Sono del '66, la mia è una generazione individualista. Nata completamente fuori
dalla politica. Fuori dai film di Nanni Moretti. Della musica degli Ottanta mi
piaceva, anzi mi serviva, la componente fisica. Il ballo, il movimento, il
casino. Facevo il deejay, suonavo la musica degli altri, non avrei mai pensato di
diventare pure io un cantante se non fosse arrivato il rap, che era una porta
aperta a tutti, anche a chi non sapeva cantare e non sapeva niente di maggiore
e minore, di armonia e melodia». «Ma a un certo punto mi sono sentito
inadeguato, non ti dico in colpa, non sarebbe da me: ma inadeguato, questo sì.
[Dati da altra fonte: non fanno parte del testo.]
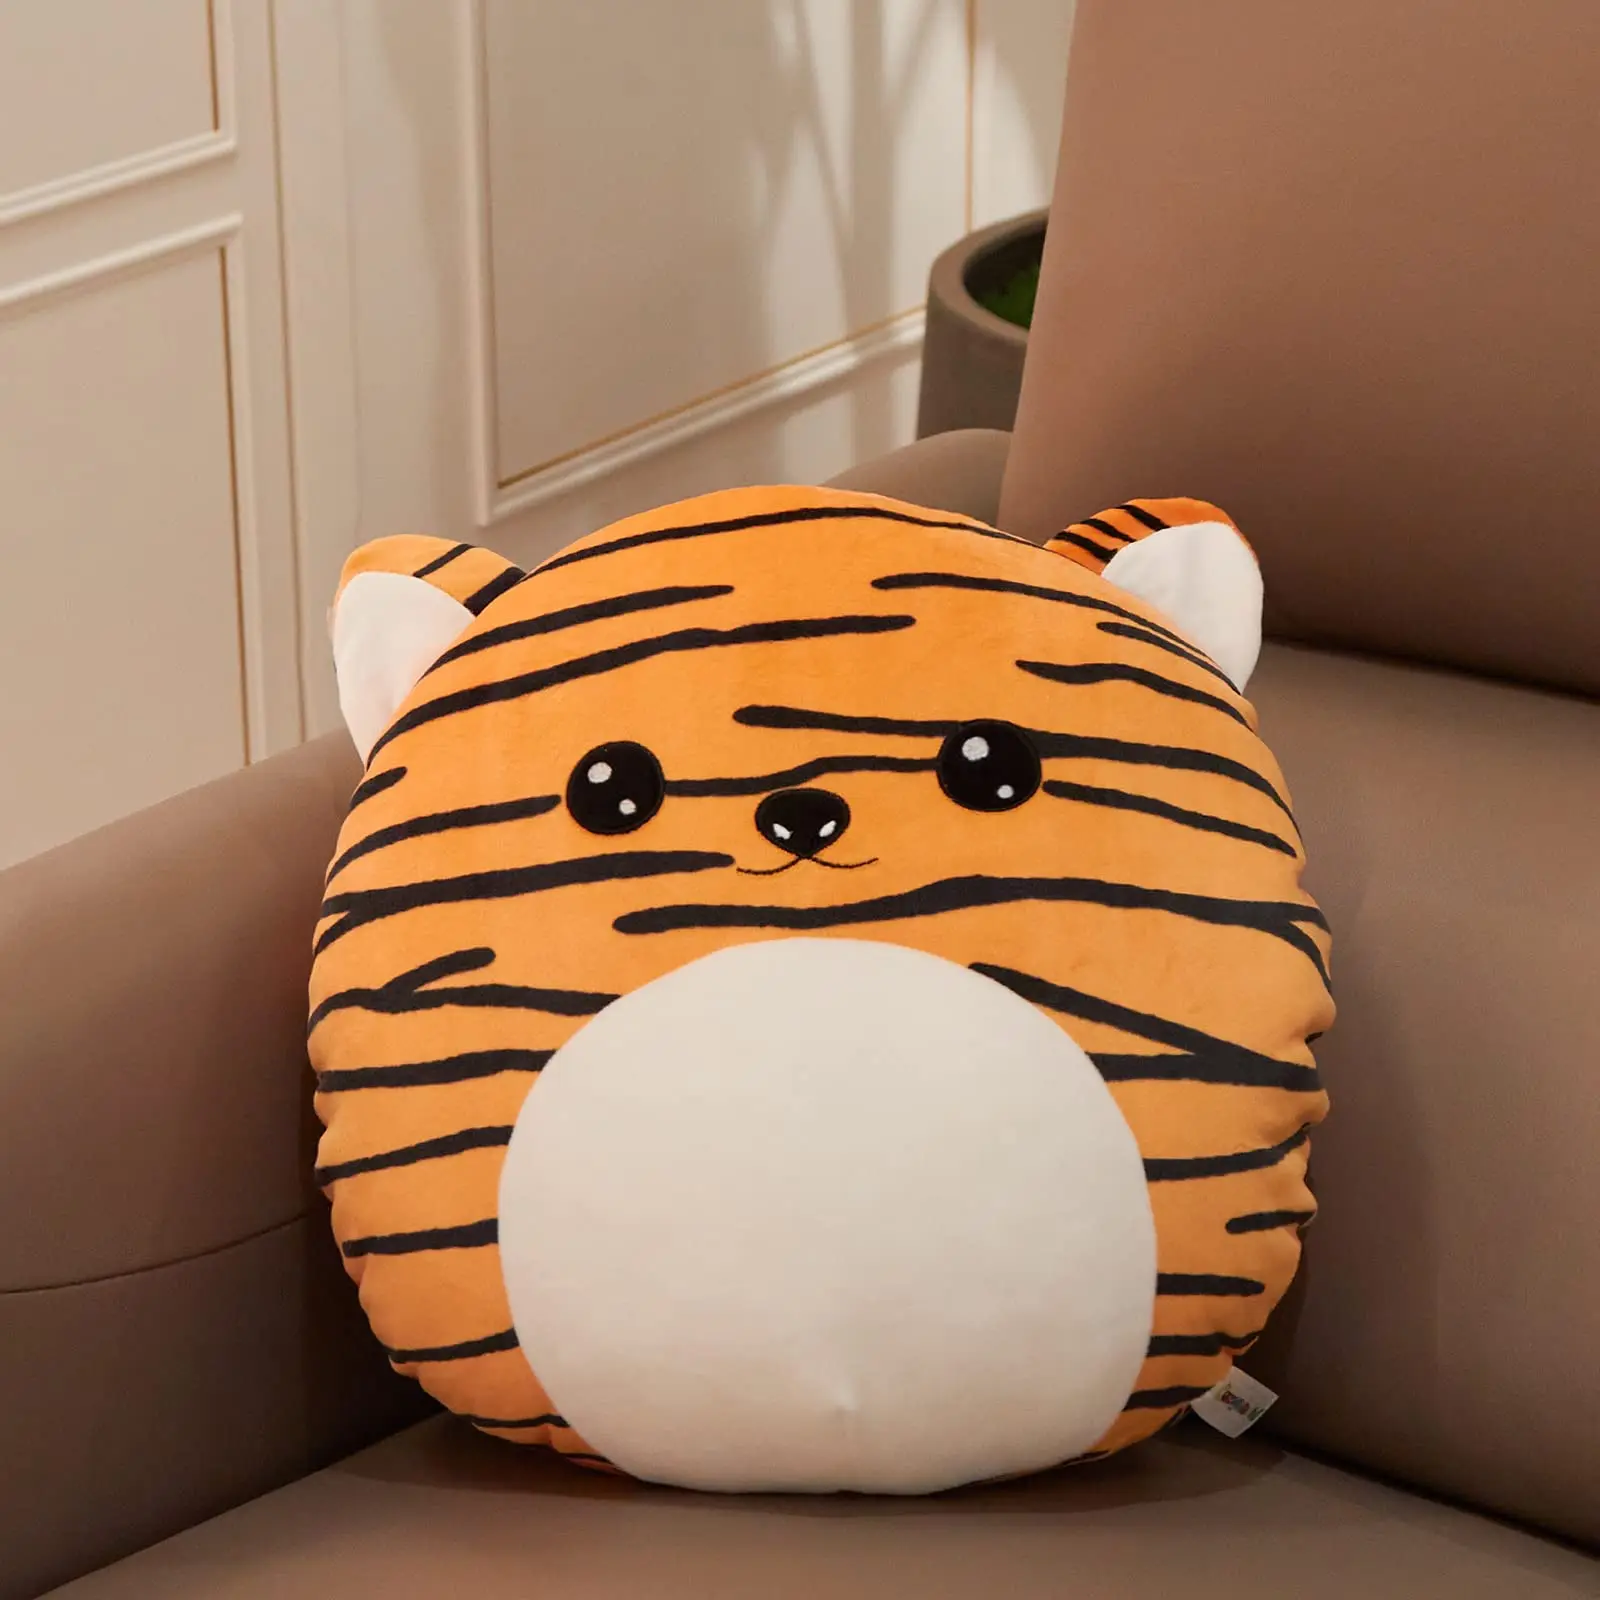 35cm Super Soft Yellow Tiger Throw Pillow Plush Toy Cute Easy to Clean Sleeping Toy Stuffed Animals for Girls Kids Children easy tiger шлейка для собак m

Mi sentivo uno che non aveva argomenti e ho deciso di darmi una mossa. Nei
cantautori il corpo non c'era, o se c'era era molto mediato dalle parole. I
cantautori non si ballavano. Mi piaceva Finardi, un non allineato, uno che
sapeva che la musica deve entrare nelle viscere, mi piaceva Bennato per via del
rock. Volevo fare qualcosa che unisse il corpo, che era il grande rimosso della
musica "impegnata", e la testa. Nella disco degli anni Ottanta non
c'era cervello, era tutto solo corpo, solo eros. Io che sono curioso, rubo
tutto quello che mi sembra brillare (mia moglie mi chiama la gazza ladra). Ho
cercato di trovare una mediazione e sono arrivati i miei anni Novanta, dove
dentro il ritmo, dentro il ballo, ho cercato di metterci pensiero, parole,
scrittura. E viceversa. Mi ha aiutato molto anche il primo rap - e io c'ero
dentro - perché era pieno di contenuti sociali, la città che cambia, la
periferia. Ho messo tutto insieme». (…). «Gli anni Ottanta erano soprattutto
una uscita dai Settanta, da quella rigidità ideologica. La tecnologia è entrata
nell'estetica. Ma i Novanta sono decisamente i miei preferiti. Tutto esplode,
tutto si contamina, arriva la world music, cadono steccati e confini tra i
generi. Ora i Novanta stanno tornando di moda e per la prima volta mi ritrovo
dentro un ritorno, un revival, di qualcosa che ho costruito anche io. Scopro di
essere un classico... Sono pieno di vestiti stipati in un capannone, e
all'improvviso tutto è tornato di moda. Mi ascoltano i ragazzini, per me è una
gioia, mi sono sempre percepito come la novità del momento e ora sono un
anziano, gli artisti hanno l'età di mia figlia, anche meno. È come quando io da
ragazzino scoprivo Celentano, il dopoguerra, American Graffiti. E anche se ti
sembra di guardare a ritroso, l'attitudine dell'esploratore rimane identica,
l'emozione è la stessa, puoi esplorare anche all'indietro, scoprire cose che
non hai mai conosciuto, o che ti sono passate accanto e non te ne eri accorto.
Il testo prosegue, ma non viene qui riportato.